The Mediterranean diet has been studied for over 60-70 years now. Starting with the Seven Countries study and continuing from there with several large observational studies, research repeatedly has shown that compliance to the Mediterranean diet appears to lower the risk of cardiovascular disease and other chronic conditions
The diet was initially based on the traditional diet of Greece (particularly Crete) and Southern Italy circa 1960’s. While it can never be exactly replicated, you can follow a Mediterranean diet wherever you are.
Not Sure Where to Start?
So how do you follow this diet? Drizzle olive oil on your bread? Add feta cheese and parmesan to your recipes? Drink wine every night? While these habits may sound Mediterranean, in terms of authentic Mediterranean diet and health benefits, what counts is a pattern of eating and not necessarily specific foods. For starters, here are 5 changes you can make to your diet right now and
How to Start Following a Mediterranean Diet
1. Switch to olive oil and do not skimp on it.

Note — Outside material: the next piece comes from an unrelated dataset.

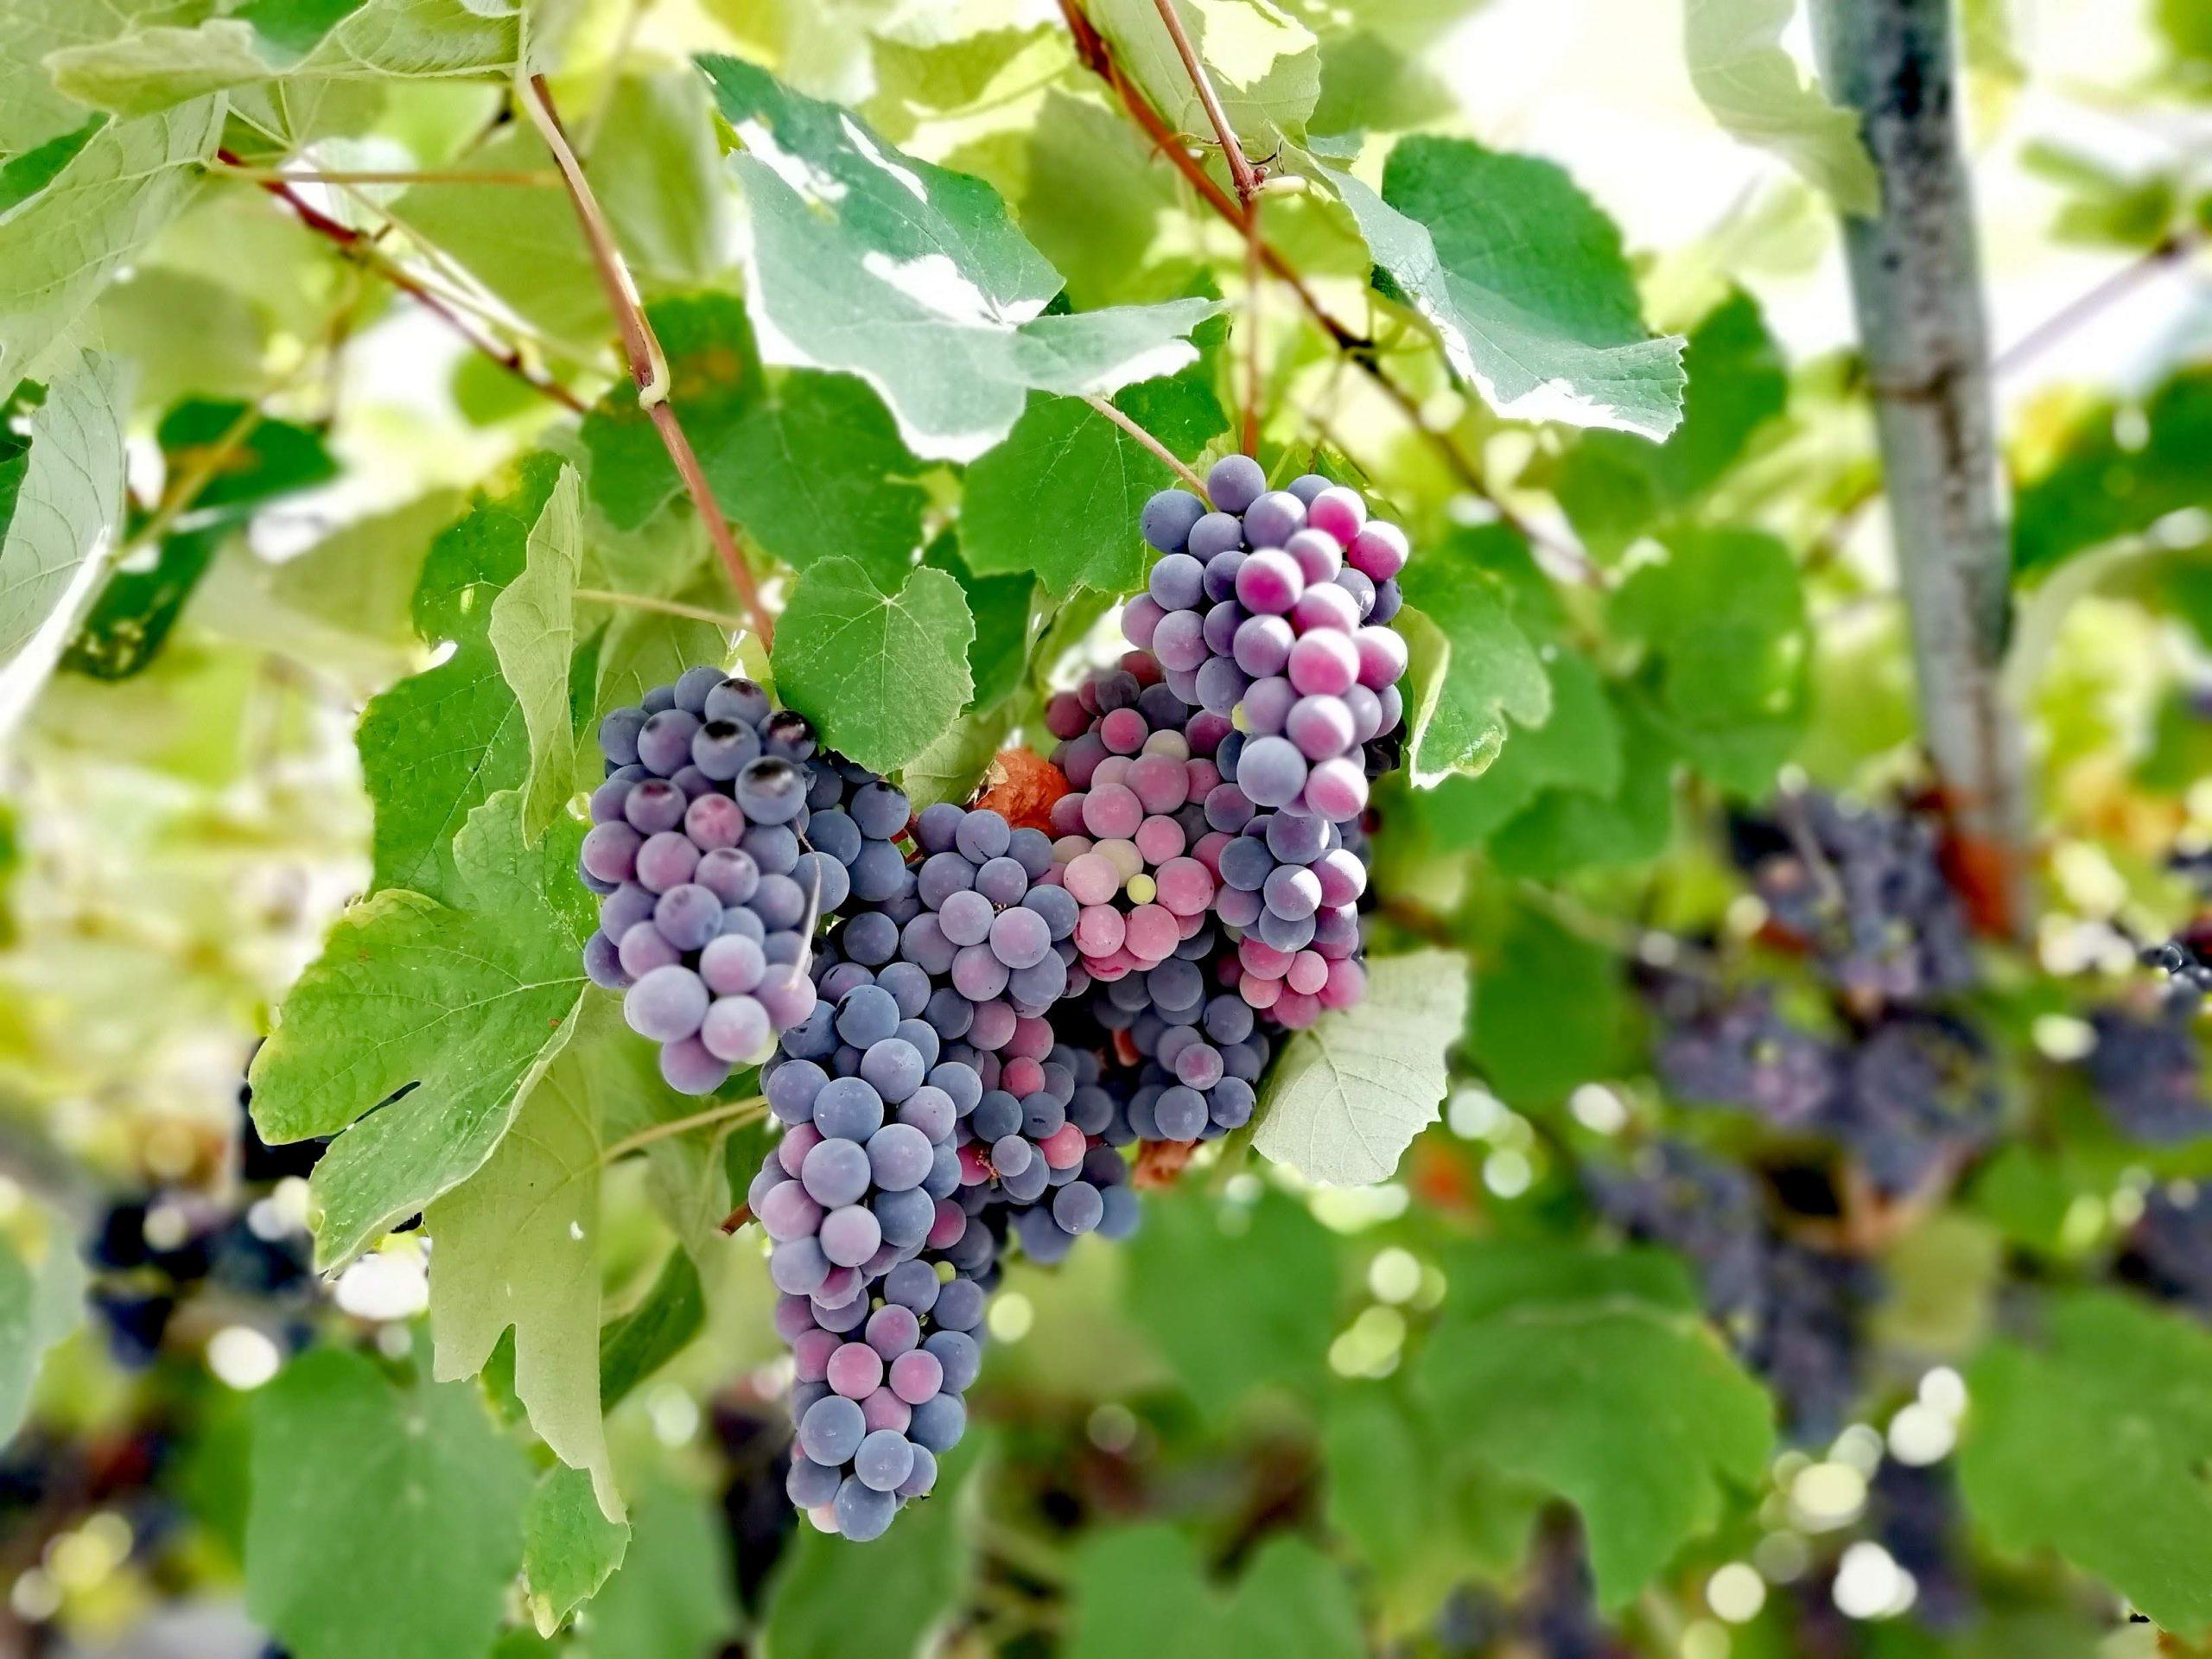 Winogrona greckie

Trying to follow a Mediterranean diet using very little olive oil defeats the purpose. Olive oil is the basis of the diet and many of the benefits appear to come from the good monounsaturated fats but also the polyphenols in the olive oil. However to get the benefits, you must replace other fats with olive oil, making it your type of fat in the diet. In addition olive oil is what helps with such a high consumption of vegetables. Greeks consume many vegetables and one of reasons for this is because they cook them with olive oil which makes it easier to eat large amounts.

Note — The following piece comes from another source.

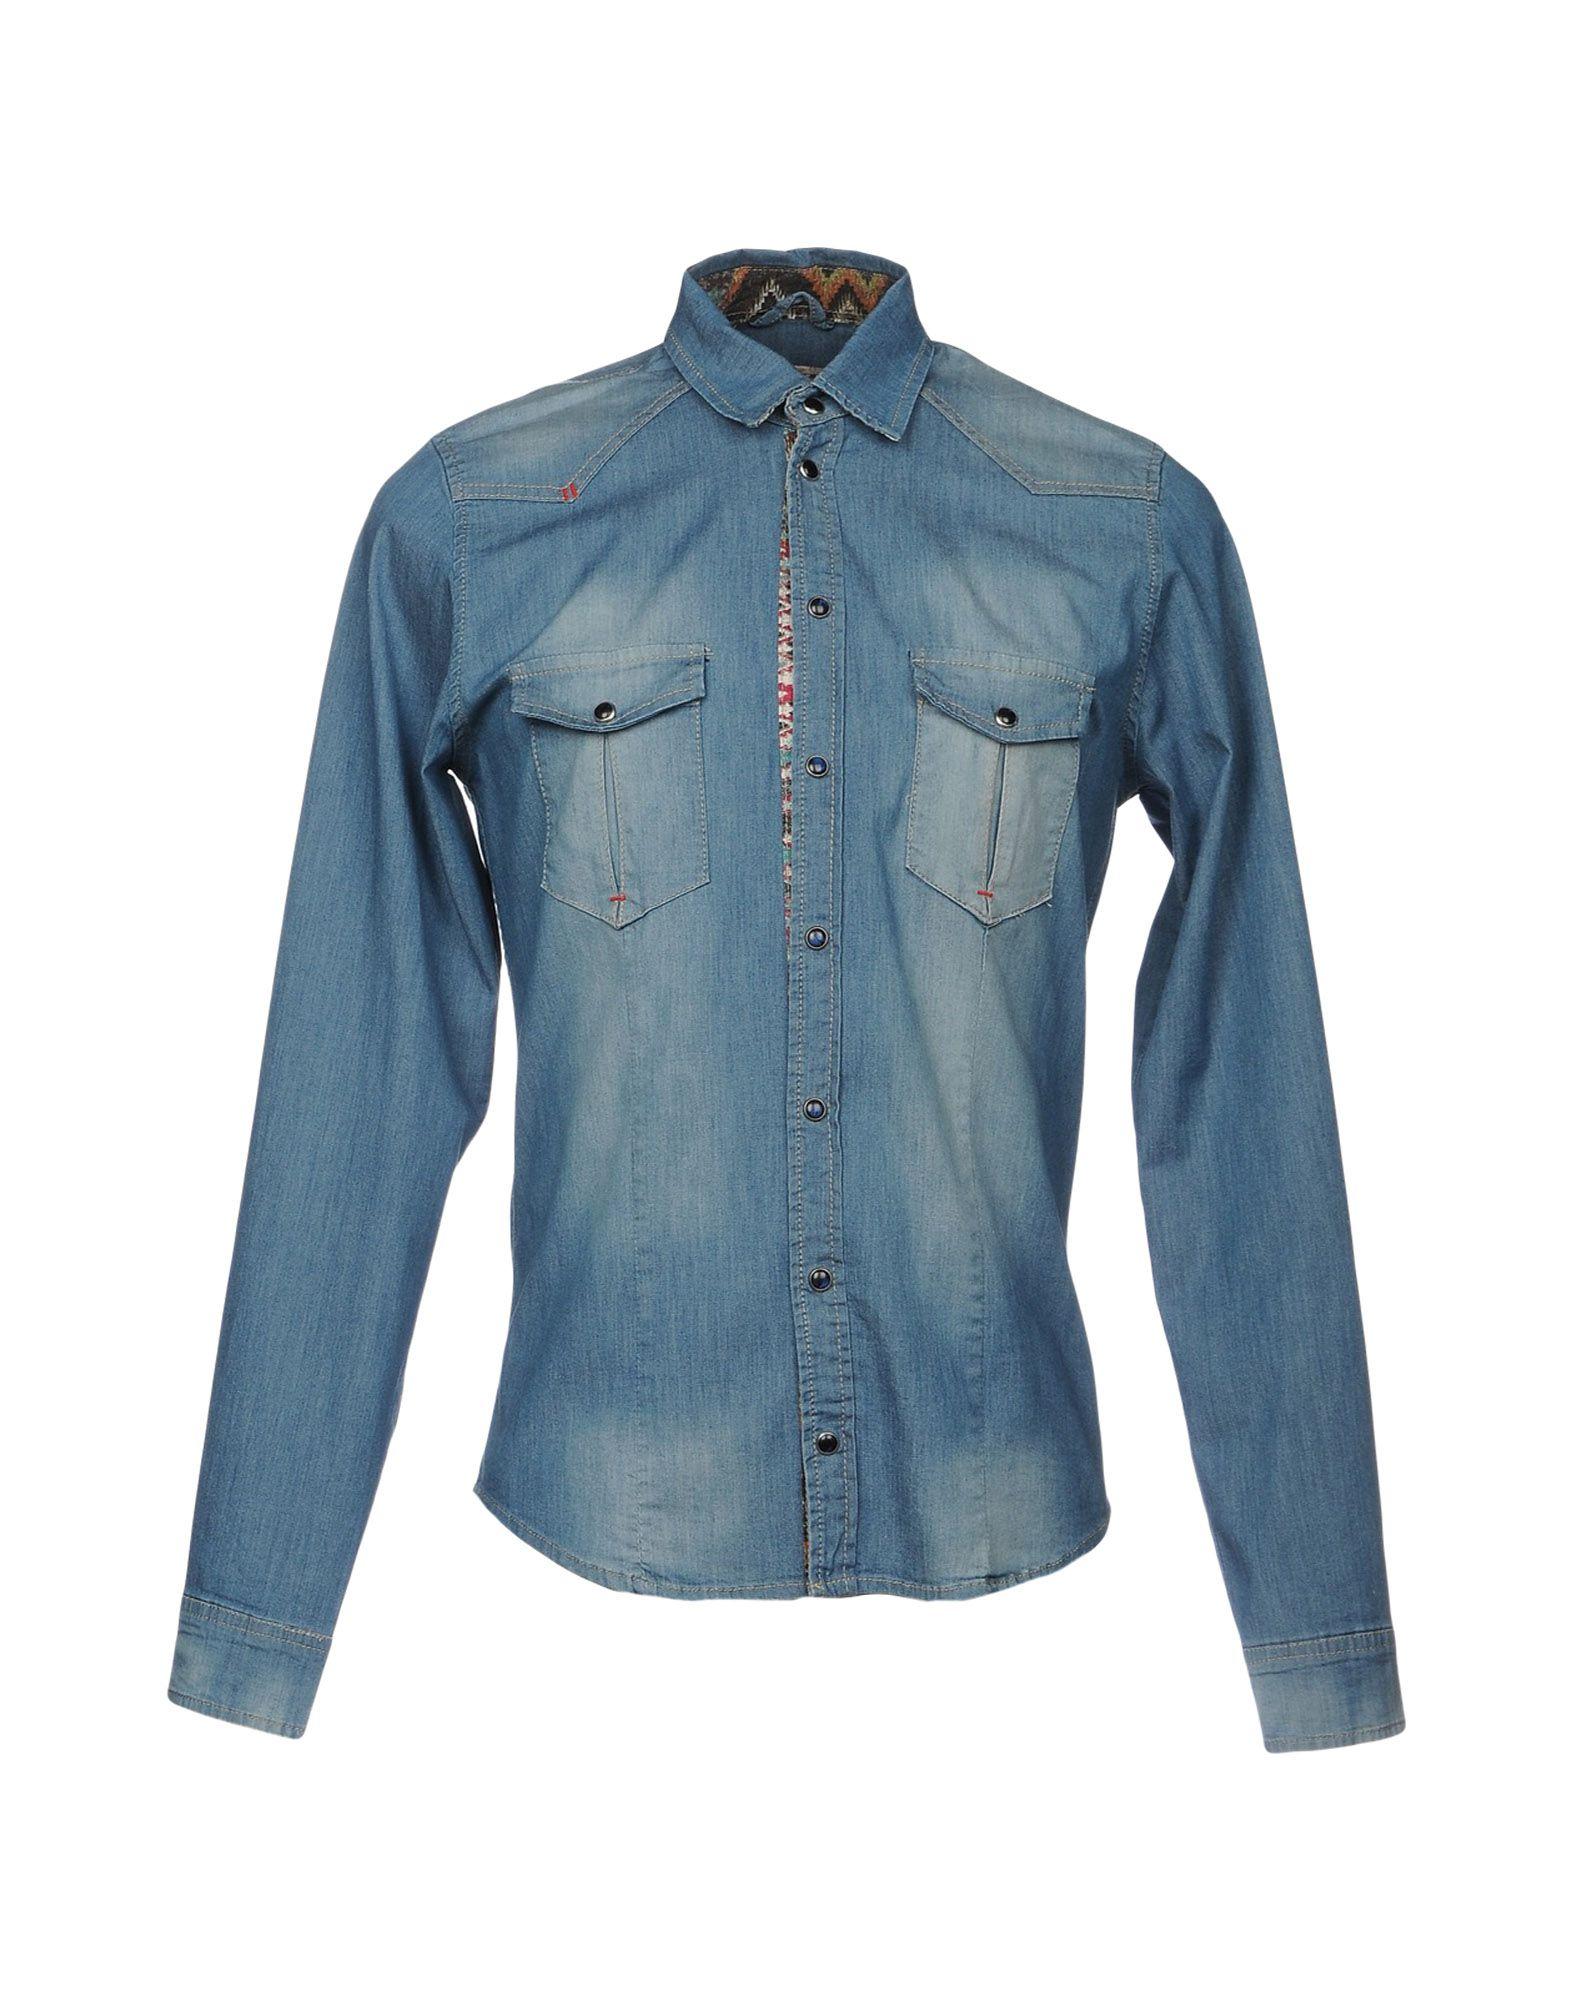 цена X-CAPE Джинсовая рубашка онлайн в 2017 году

2. Eat vegetables as a main course.
The high consumption of vegetables is a main characteristic of the Mediterranean diet. Greeks consume almost a pound of vegetables a day. In order for this to be accomplished vegetables such as green beans, peas, eggplant, artichoke, and okra are cooked in olive oil, tomato and herbs and accompanied with bread and feta cheese. A dish of these vegetables can provide 3 servings of vegetables.

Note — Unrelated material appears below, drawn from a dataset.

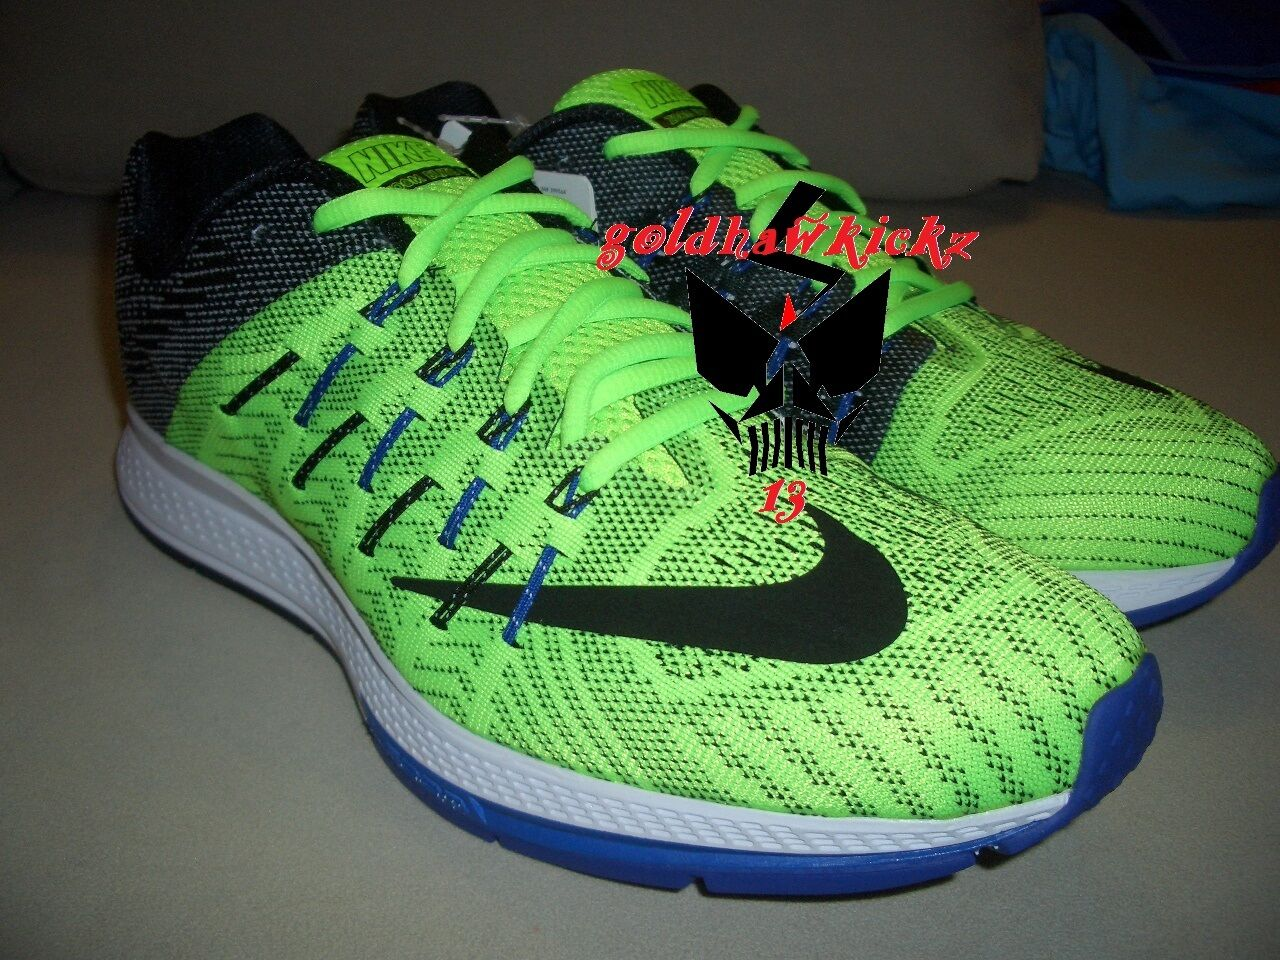 nike zoom elite 8 748588-300 electric green black white concord men running

3. Learn to cook a few basic Mediterranean meals.
4. Go vegan one or two days a week.
When we look at the traditional Greek diet, the Greeks abstained from animal products about 200 days a year for religious reasons. This most likely played an important role in the health benefits that were seen in that population. Check out the guidelines here.
5. Stop adding meat to everything.
I often see in recommendations for healthy eating plenty of vegetable dishes but also quite a bit of meat. We do not need that much meat (even if it is lean), and studies have shown that reducing meat is correlated with better health. Try the following guidelines: red meat once a week, chicken once a week and fish once a week.